The way votes were polled in favour of various parties in Vidarbha shows a new trend developing in the Dalit-dominated region, with the Congress-NCP combine gaining strength with the backing of the community’s voters and Dalit-centric parties and formations getting marginalised. What has also come as a surprise is that the Congress came out as the largest party here, winning 24 of the 27 seats that went to the Congress-NCP alliance’s kitty.
Dalit alienation, though receding, however, still helped the Sena-BJP combine retain its foothold in the region. Of the 27 seats that the saffron combine won, at least 10 could be attributed to the Dalit votes won by Prakash Ambedkar’s Bharip Bahujan Mahasangh (BBM), the BSP and the Third Front led by Ramdas Athawale.
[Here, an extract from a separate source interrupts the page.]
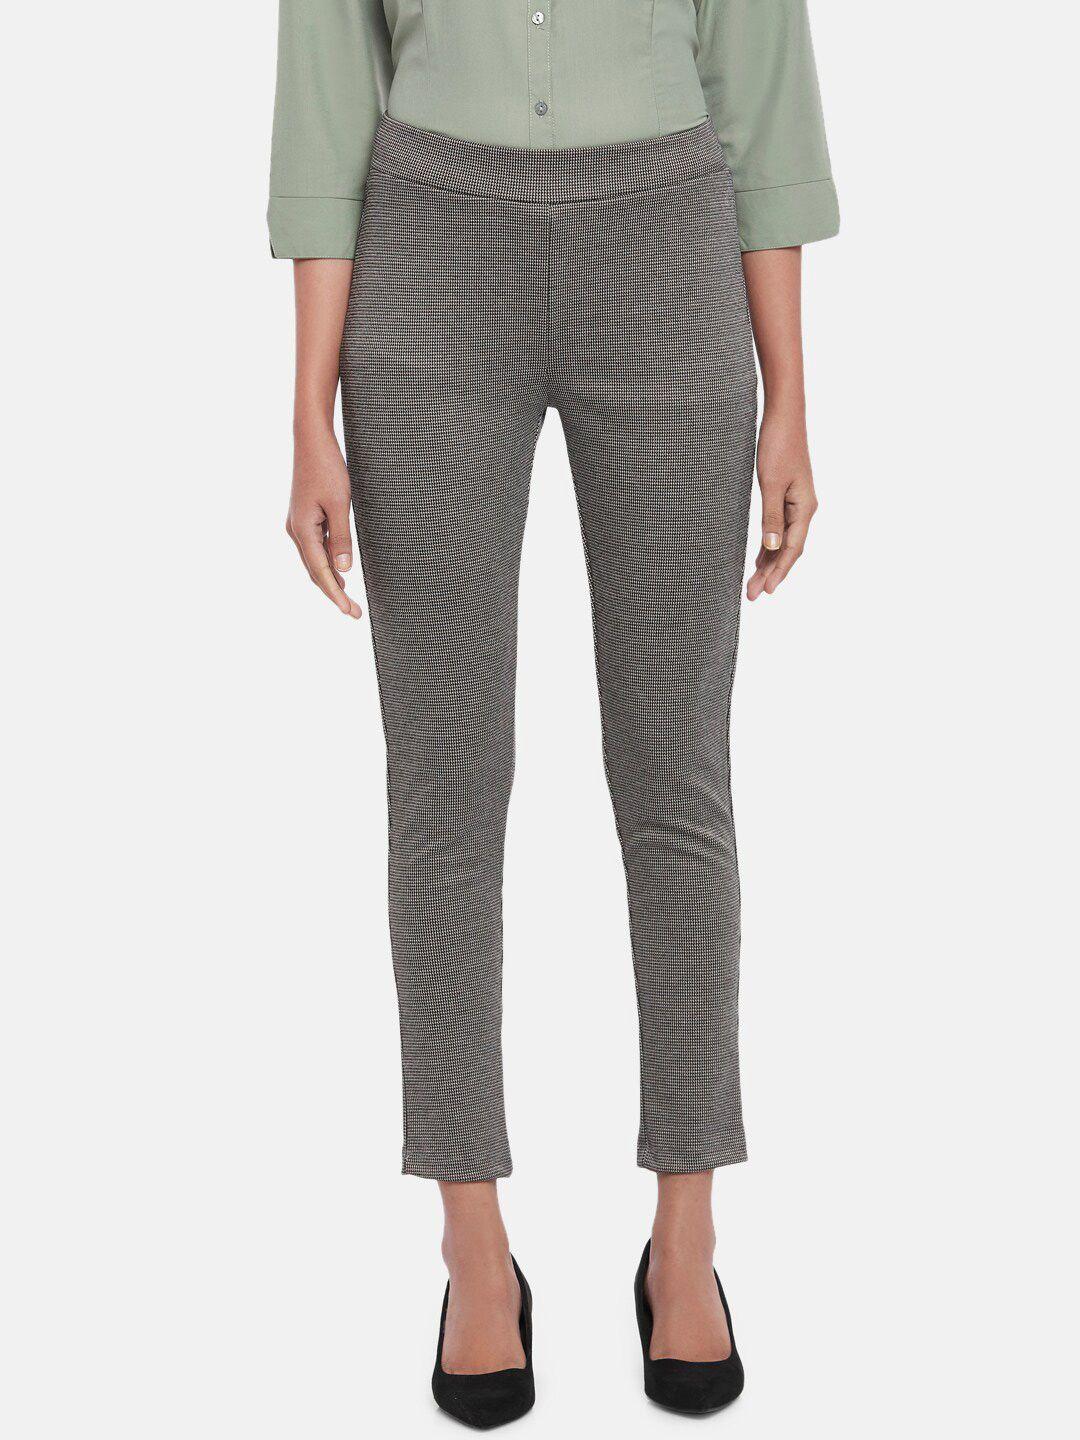 annabelle-by-pantaloons-women-grey-skinny-fit-printed-treggings

One of the biggest Dalit vote turnarounds of this election has been the BSP’s rout, with the party being reduced to a virtual non-entity. In the 2004 elections, its candidates had made huge inroads, gaining up to 40,000 votes in some constituencies. This time, however, the BSP could do well only in about six constituencies, getting a maximum of over 29,000 votes in Digras, where the Shiv Sena’s sitting MLA Sanjay Rathod won. Incidentally, it was the only place in Yavatmal district, which has seven Assembly segments, where the saffron combine won.
Everywhere else, BSP candidates fared poorly. In Nagpur South, for example, its candidate Uttam Shevde could bag just about 10,000 votes, as against the 26,000 votes polled by Kiran Pandav last time, a non-Dalit choice of its social engineering plan. In fact, many of its candidates last time were non-Dalit dissidents sourced from other political parties. They had their own footing, which won them a large number of non-Dalit votes too.